Hampton Court’s year long celebration of the 500th anniversary of Henry VIII’s accession is about to come to life with the first of two theatrical events being staged at the historic palace next week.
A Little Neck, a specially devised site specific performance will take over the palace in September but first up, The Play of the Weather, written in 1532, is being performed in the Great Hall on Thursday and Saturday.
Historic Royal Palaces are the driving force behind these theatre projects and Tom Betteridge, theatrical advisor for the independent charity and a professor of English and drama at Oxford Brookes University, says The Play of the Weather will give audiences the chance to learn about a different side to Henry VIII.
“People think of Henry’s court as formal and organised but when you look at it through the prism of drama you see a very different court,” he says. “It was was formal but it also had another side to it that you can’t really get out of the art or the architecture.
“It’s easy to think of Henry as a tyrant and he was - he was an awful man - but people still had fun in his court. The Play of the Weather is bawdy and funny.”
The play’s author John Heywood was a member of Henry’s court who wrote and staged many plays for the King, and Betteridge says that as well giving modern audiences an insight into courtly life, the play, in which Jupiter arrives on earth to resolve a dispute about the weather, also reveals much about Henry’s stance on religion and his marital affairs.
“There is a weird speech that comes out of nowhere,” explains Betteridge. “One of the characters, Merry Report, says Jupiter is too busy to see anyone because he is making a new moon as he doesn’t like the old one. The old moon is Catherine of Aragon and the new moon represents Anne Boleyn.
“The play was written in Christmas 1532 around the time he married Anne in secret, but Henry is not divorced until March 1533, so the speech is letting the court know Catherine is on her way out and Anne is on her way in.”

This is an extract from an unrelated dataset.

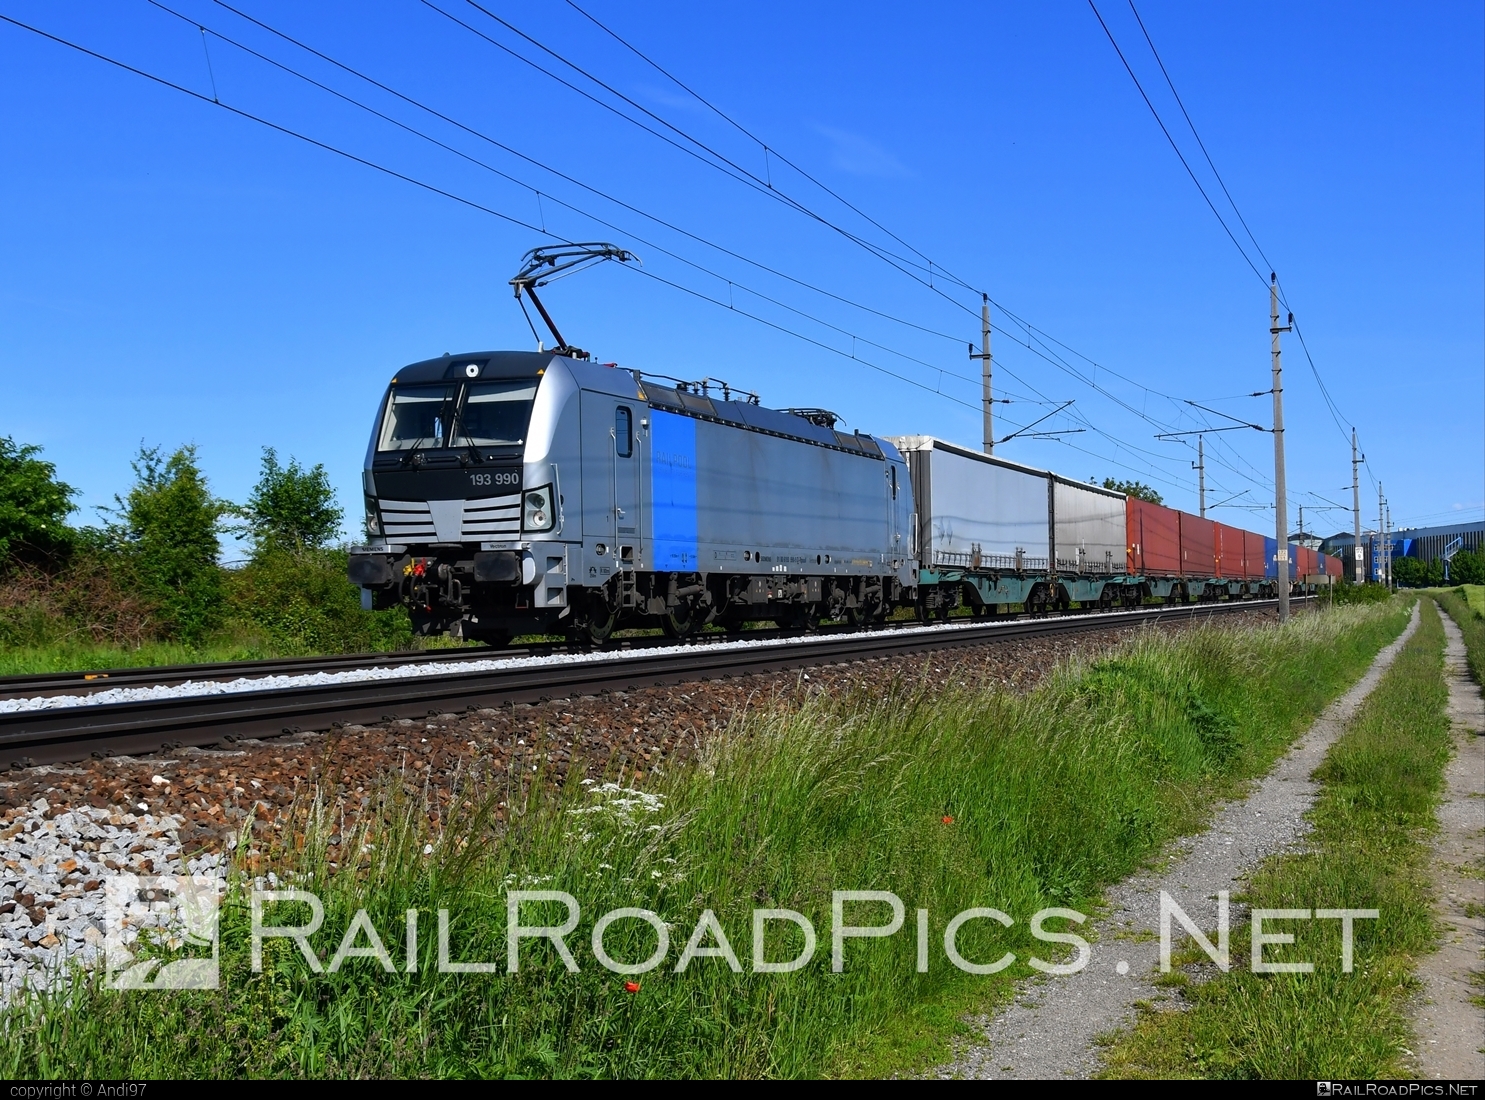 Siemens Vectron AC - 193 990 operated by ecco-rail GmbH #eccorail #eccorailgmbh #flatwagon #railpool #railpoolgmbh #semitrailer #siemens #siemensVectron #siemensVectronAC #vectron #vectronAC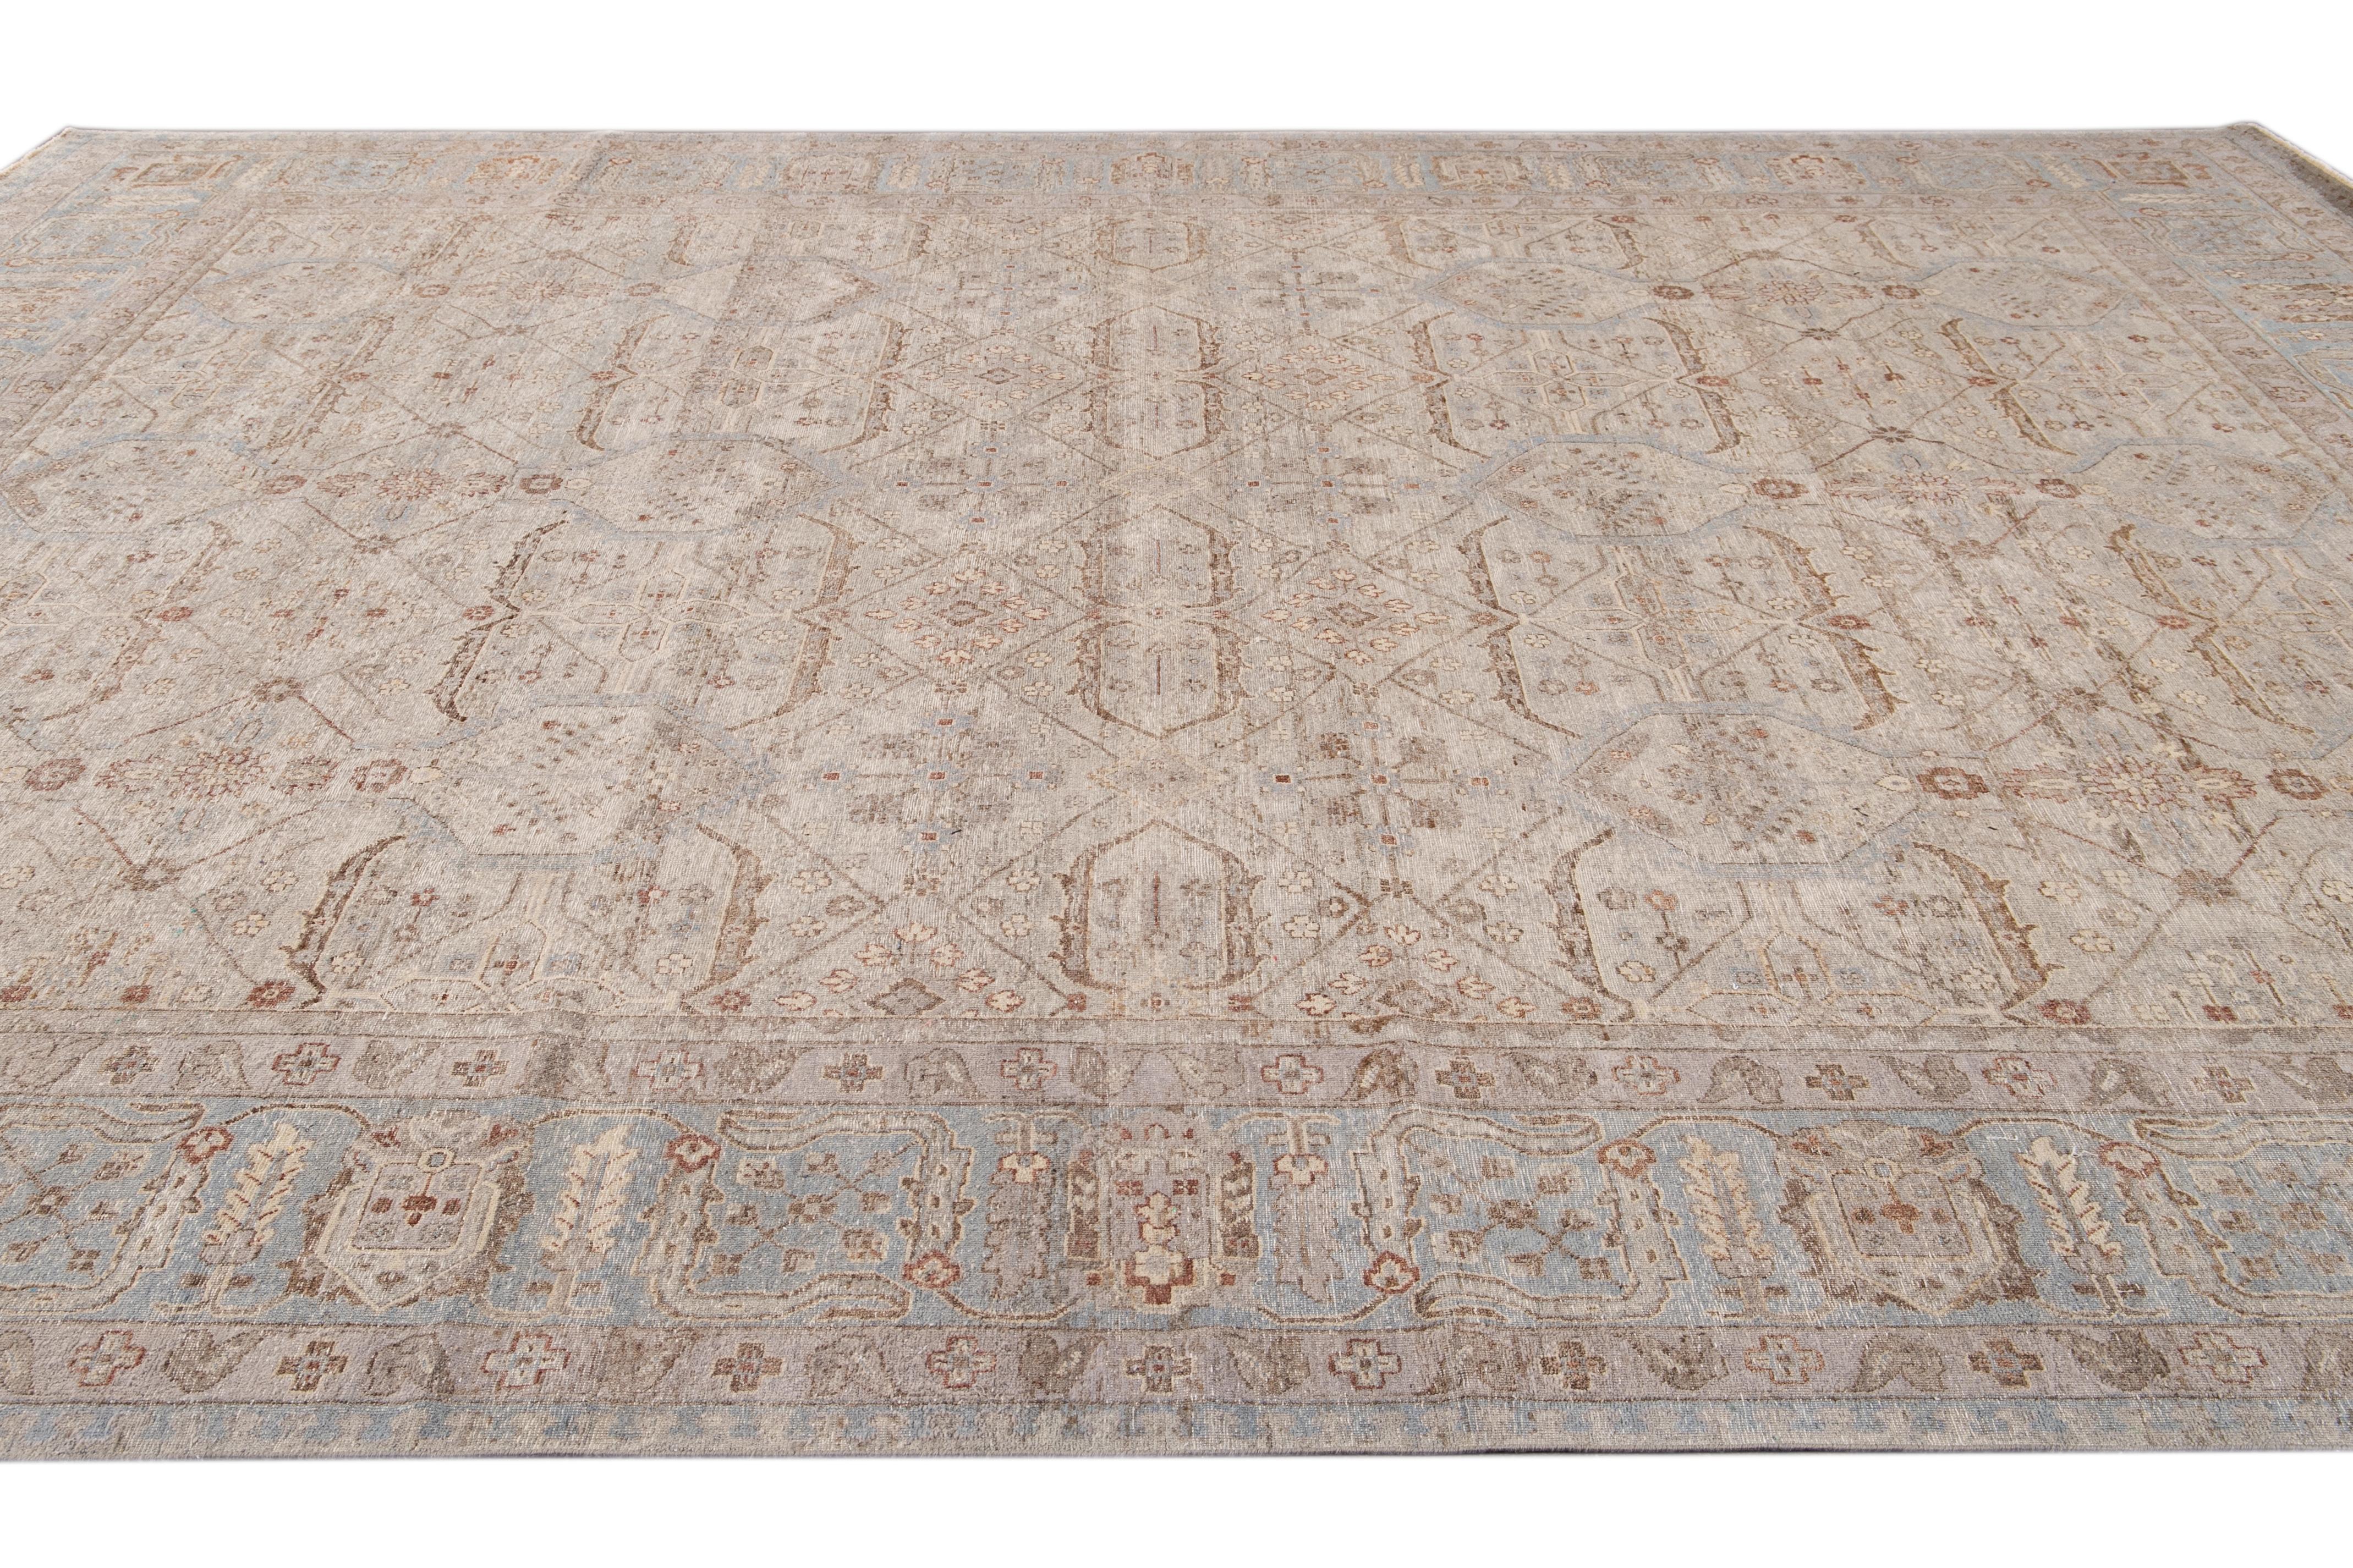 Hand-Knotted 21st Century Contemporary Tabriz Style Wool Rug

Although the play was not performed in the Great Hall in 1532 because the building had yet to be completed, Betteridge believes staging the play there in 2009 is a valuable historical exercise that will bring new visitors to Hampton Court.
However, the production, directed by the RSC’s Gregory Thompson, stops short of faithfully recreating an authentic Tudor performance. While the setting is the real thing and costumes are copied from Tudor drawings, the decision has been taken to not stick slavishly to historical accuracy - with the best reason being that little is known about how the plays were staged and performed.
“The production is more of a hypothesis - this is a way it could have been done,” adds Betteridge. “Choosing an acting style is fraught, for example. There is an argument to say it would have been very extreme like in silent films but I don ‘t believe that as the play is a complex piece of writing.
“Why put all that effort into the words if you didn’t want to act in a way that would make them understandable?”